What examples do Kolb and Duss have of successfully integrated ag technologies? “Our farmers running Precision Planting emailing us planting maps from the tractor cab with a few taps on the tablet – that’s ease of use.  Farmers Business Network connecting to MyJohnDeere and auto-populating crop /field records – that’s systems compatibility.

6. Match business and technology goals to crop seasonality. Product roll-outs need to match farm operations. “Harvest preparation tips” three weeks into harvest reinforces the stereotype of Silicon Valley tech having no idea what’s happening in the field. The rapid innovation of the lean start-up model doesn’t always match an industry where some choices and information only come once a year: being right can sometimes be much more important than being early.

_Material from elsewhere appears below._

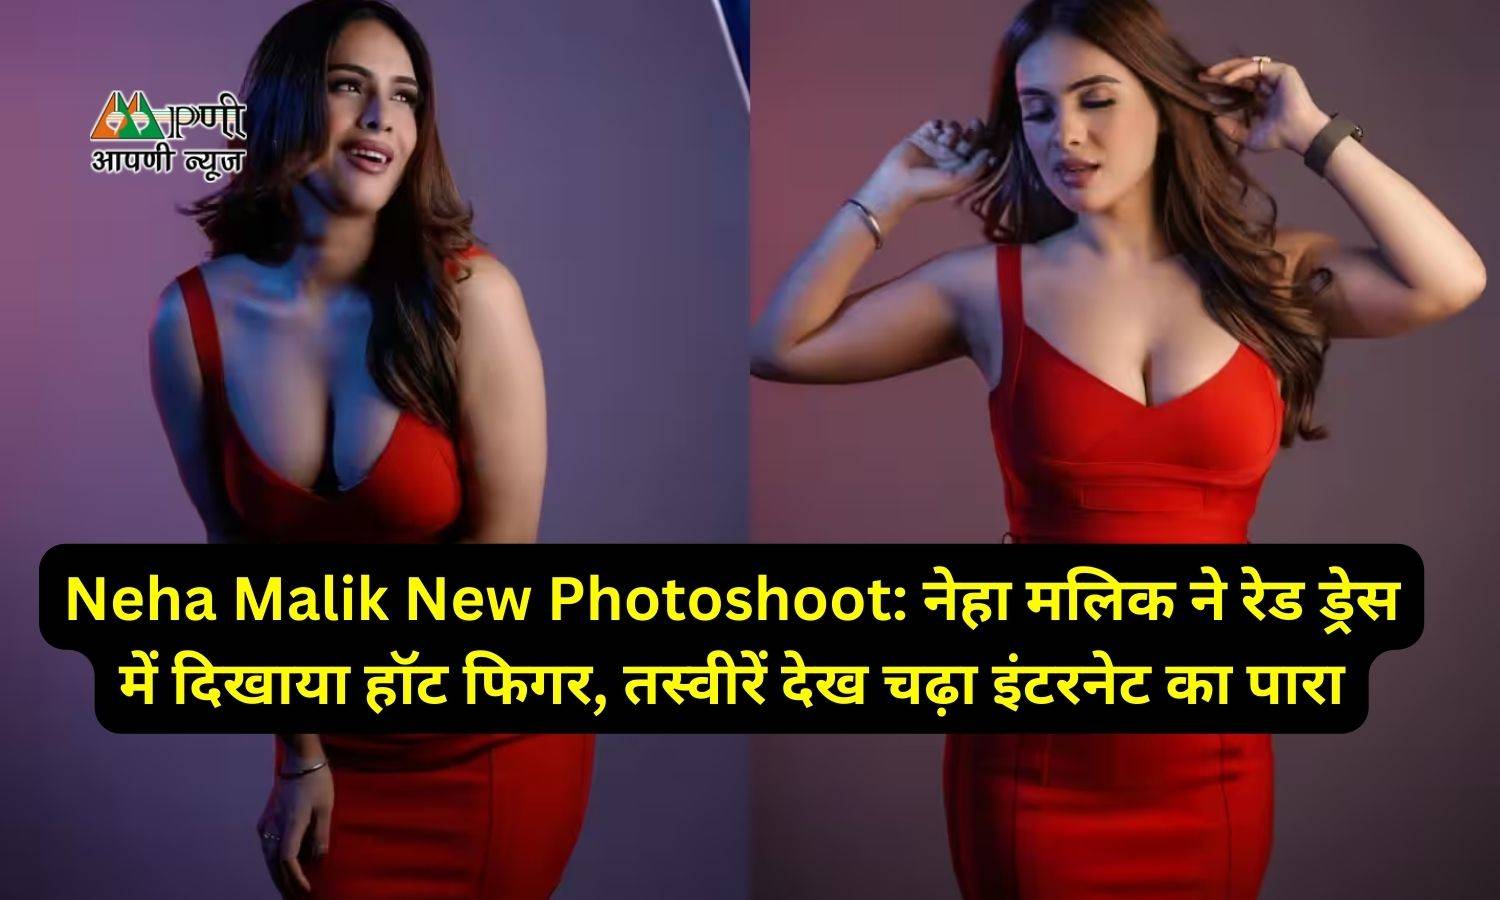 Neha Malik New Photoshoot: नेहा मलिक ने रेड ड्रेस में दिखाया हॉट फिगर, तस्वीरें देख चढ़ा इंटरनेट का पारा

“Agtech is truly a marathon, not a sprint,” reads the report.

Are there any startups successfully following all of the above?

“No. There are some who might be close, and even more who aren’t on our radar because they’re focused on very niche markets,” says Duss. “You have to have efficacy and ROI, but it’s not absolutely necessary that companies do everything right all at once… but it is important to have enough of these elements to keep up the forward momentum.”

Kolb adds: “Some start-ups definitely “get it.” But there are others that simply don’t understand the gaffes they are making in the ag community, and don’t realize how that creates reputational problems, which then creates adoption problems. Those stumbles tell me some companies haven’t spent enough time understanding the end customer and/or haven’t made enough effort to add staff, advisors, and board members with sufficient ag background.”

Despite all these clear challenges, Kolb and Duss are very optimistic about the future for agtech and emphasize its clear benefits to farmers in the report.